Shifting. This describes the movement of a vessel from one berth to another or from anchorage to a berth. This occupies time. During the shifting time, loading and discharging cannot normally continue.
Therefore the effect on the laytime must be considered in order to determine which parry bears the risk of time lost because of the shifting. Normally, once the vessel has arrived and berthed, it is not bound to shift again from that berth to load the cargo which is the subject matter of the charter.
Usually, in the tanker trade, the vessel may be required to berth some distance away from the arrival anchorage place or to shift berth after lightening its cargo, or to move from berth to berth to load and/or discharge different parcels of cargo. This could be especially relevant to chemical carriers Tanker voyage charterparties contain reasonably explicit clauses dealing with which party should pay for the time occupied in shifting. These will be briefly examined below.
However, also in dry cargo charterparties, responsibility for shifting time may be allocated between the parties. For example, in the MULTIFORM charterparty, it is stated that “ . . . time shifting from the waiting places) to the loading/ discharging berth shall not count even if the vessel is already on demurrage.”
In TANKERVOY 87, it is stated very clearly and explicitly, among other matters, that:
“Time lost owing to any of the following causes shall not count as laytime or for demurrage if the vessel is on demurrage: … actually moving from waiting place (even if lightening has occurred there) on an inward passage to a loading or discharging berth or place nominated by Charterers or waiting for pilot or tugs in order so to move . . .”
and,
“If the vessel is required to leave and subsequently to return to the same loading or discharging location because of the vessel’s failure to comply with any of the Owner’s warranties . . . or upon safety grounds (other than those arising out of weather or sea conditions) pursuant to the orders of the port or harbour authority then all expenses incurred in so moving the vessel (including any bunkers consumed) shall be for Owner’s account . . .”
and again,
“Unless the vessel is shifting from waiting place or from a Loading or discharging location as described … (above) … time used in shifting and any detention in reaching the new location shall count as laytime or for demurrage if the vessel is on demurrage.”
In EXXONVOY 84, for example, it is stated:
“Charterer shall have the right to shift vessel within any port of loading and/or discharging from one loading or discharging place back to the same or another such place once or more often.
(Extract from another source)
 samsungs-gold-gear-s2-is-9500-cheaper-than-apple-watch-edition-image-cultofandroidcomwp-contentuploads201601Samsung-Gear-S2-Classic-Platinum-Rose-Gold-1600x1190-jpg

In the event that Charterer exercises this right, Charterer shall pay all additional expenses properly incurred. Time spent shifting shall count as laytime, or, if vessel is on demurrage, as time on demurrage . . .”
and,
“Charterer or terminal operator shall have the right to shift vessel from a loading and/or discharging place if vessel fails to meet the pumping and/or heating warranties … so as to avoid delay to other vessels waiting to use such place. Charterer or terminal operator shall also have the right to shift vessel from a loading and/or discharging place due to an unsafe condition of vessel. In such situations) Charterer shall not be obliged to provide an alternative loading or discharging place to the place from which the vessel was shifted. However, Charterer shall exercise due diligence to arrange prompt reberthing and commencement of loading or discharging once vessel has corrected deficiency(ies). All expenses related to the shifting and any re-berthing shall be for Owner’s account and all time lost by reason of the foregoing shall not count as laytime or, if the vessel is on demurrage, as time on demurrage . . .”
The above EXXONVOY clause certainly seems very weighted in favour of the Charterer. The shipowner could find that considerable time is lost at his own expense and risk.
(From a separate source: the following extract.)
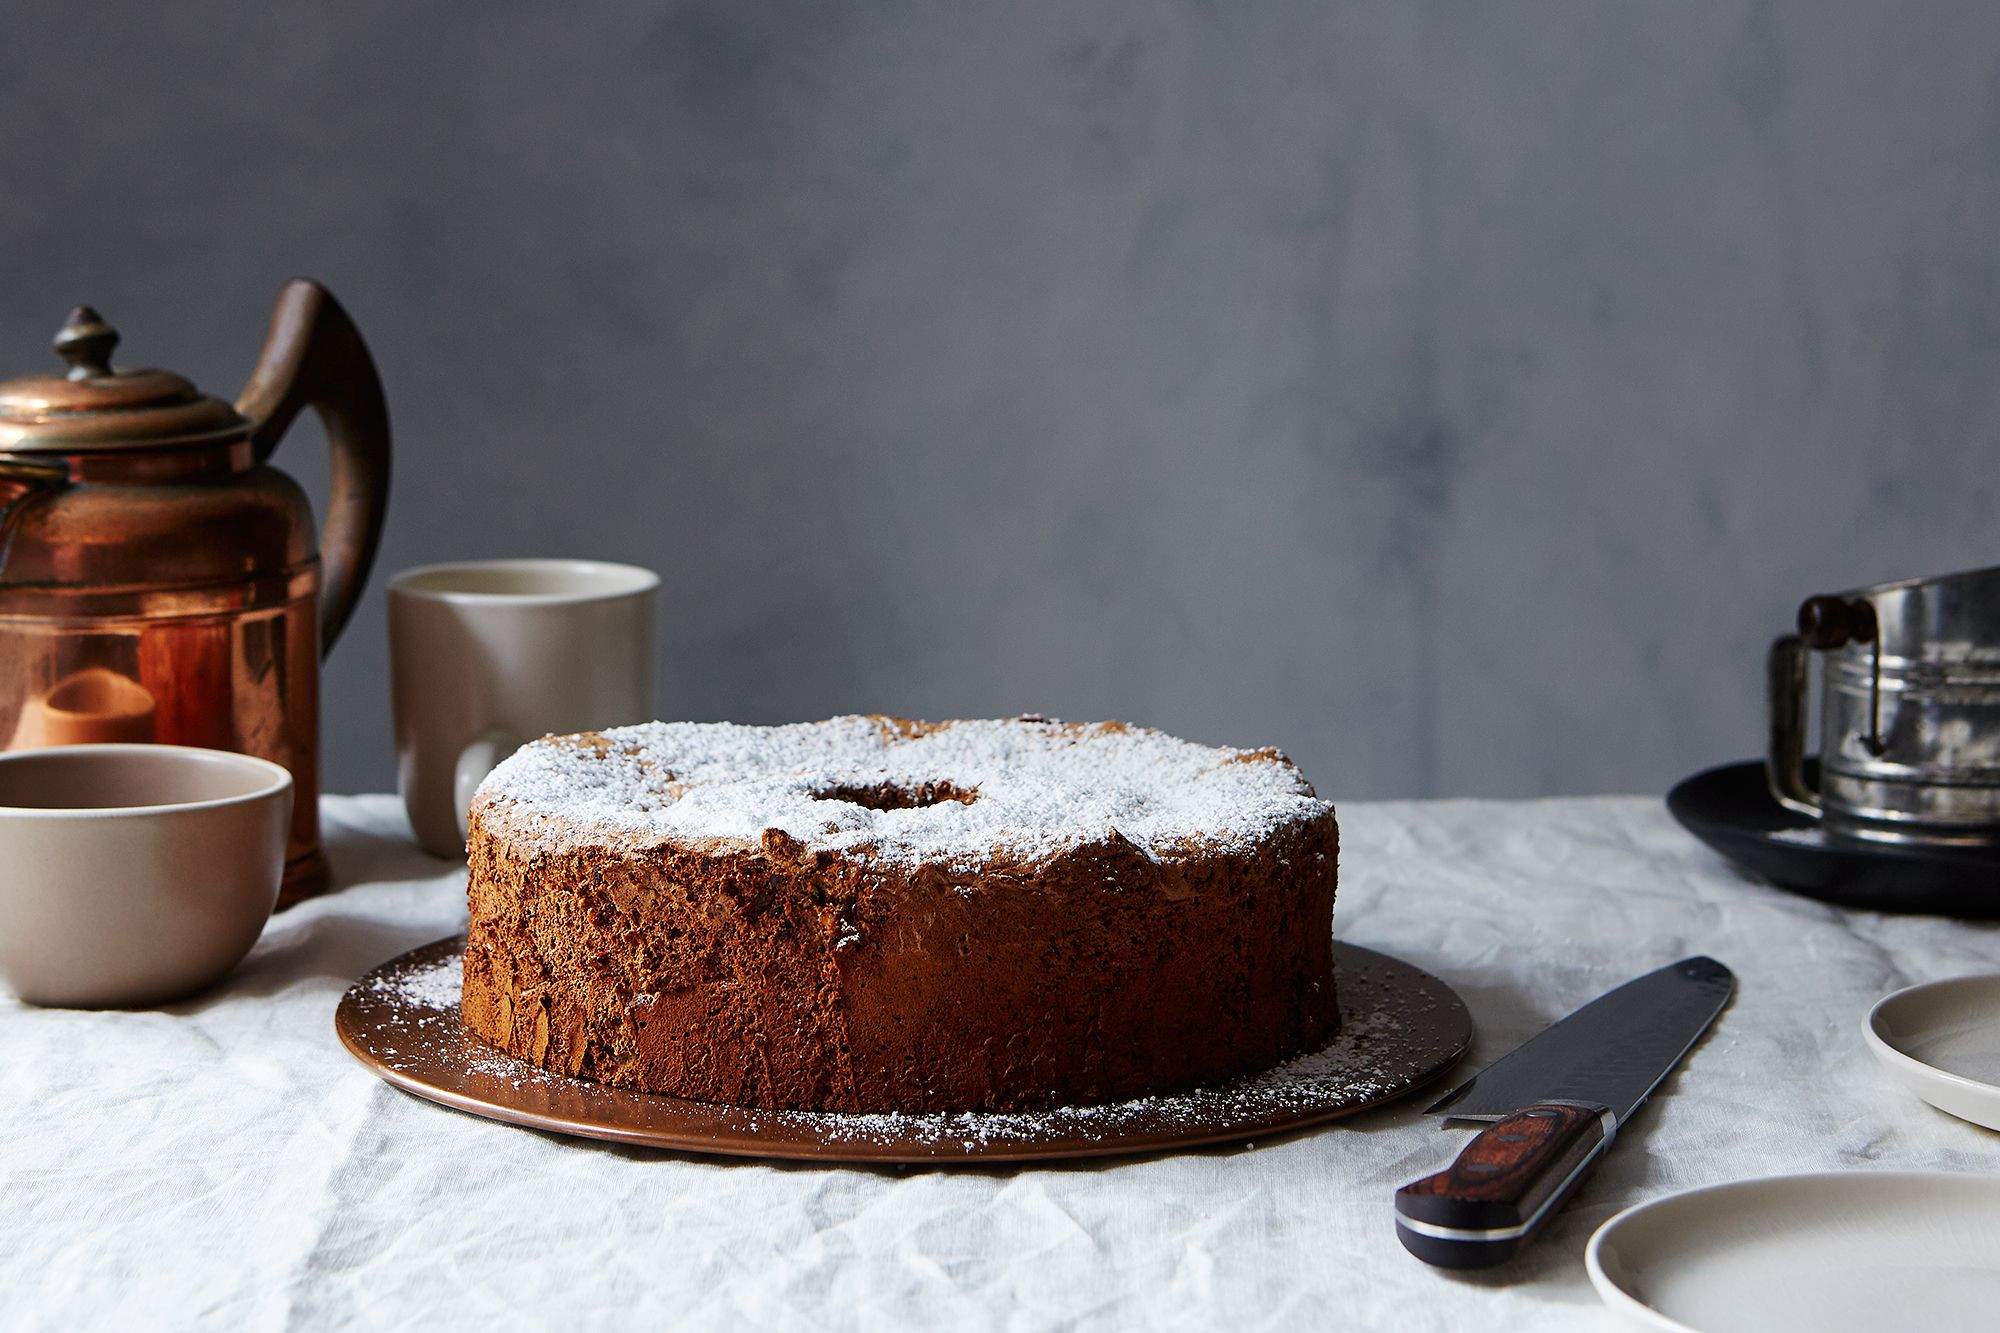 Passover Sponge Cake Recipes  Kosher for Passover Chocolate Nut Sponge Cake Recipe

While the vessel may be required to shift for the charterer’s own reasons, even disregarding the Failure of the vessel to meet the pumping and heating description in the charterparty or its unsafe condition, the clause does not make allowance for a shift for reasons, for example, weather conditions. In The Isabelle, 1982, the vessel was under a charterparty with a similar clause and such a shift became necessary. It was held by the court that the charterers would have to pay for shifting costs only if they required the vessel to shift. Shifting for port authorities’ reasons was not necessarily for charterers’ reasons.